You know what? You asked about Tenebre and the critic, and I did do it, you're right, and that was the place I did it. People say, "Are you objectifying women?" I thought, Okay, what if I had just filmed a nude guy there? If there was just a naked guy there, people would say that I'm objectifying and exploiting men. But let's put a sketchpad in their hand. Oh, it's suddenly art now. These girls don't care about art–they're just studying abroad for the year. They're taking art classes 'cause they think it'll make them sophisticated. They're looking at the guy, they're checking him out, they're having fun. The movie is very much about looking at someone else as an object, and exploiting people. Because it's under the guise of an art class, it's art–and [there's] a fine line between art and exploitation.
Do you think there's a divide in perception between cinema and the fine arts, then?
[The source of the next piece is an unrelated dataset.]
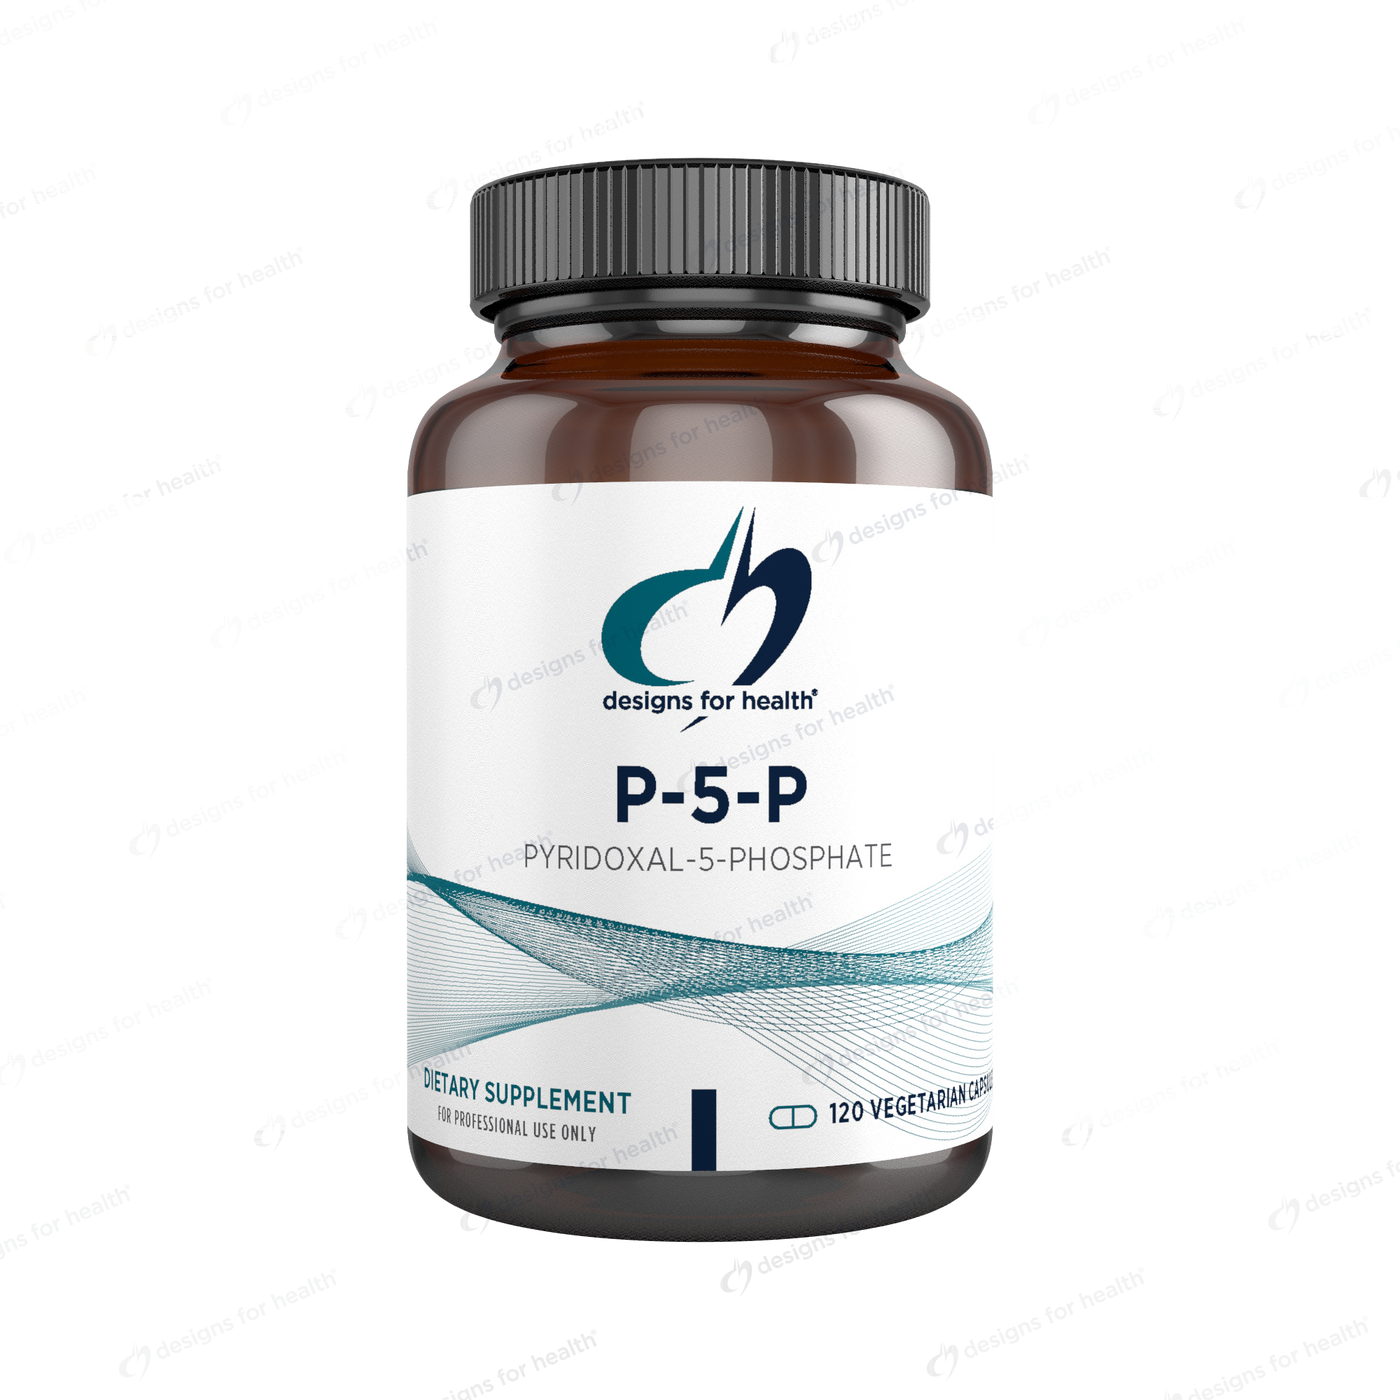 P-5-P 50 mg  Curated Wellness

Sure, there's no question. It's just hilarious to me that people will look at a film…and go, "Oh, that's an art film." Well, I will make a thousand arguments as to why Hostel Part II is an art film, and has artistic merit. But somehow, because it's entertaining, because there are kills in it and really violent scenes, people are like, "No, it's exploitation." It's interesting that the critics in Europe saw the film with such different eyes. LE MONDE, in France, named it as the best American film of the year. [In] their top ten, there were only three American movies–Hostel was the number two film of all, the best American film, ahead of The Departed and The New World, the only other American films on the list. They saw it as the smartest comment on American imperialism and capitalism gone too far–that's the eyes they were seeing it through. So I think that first and foremost, your job is to entertain, and to make an entertaining movie. Look, I watch The Thing now, John Carpenter's The Thing, that movie is a work of art. It is a fucking masterpiece. It is perfection, in the lighting, in the design, and the style, and the performance, and the characters–but at the time, the movie was a box-office failure. Even The Shining is a work of art, but people at the time didn't appreciate it. So look, the nice thing is that I've been very lucky that Cabin Fever and Hostel have been appreciated in their own time, and so far the reaction [to Hostel Part II] has been amazing.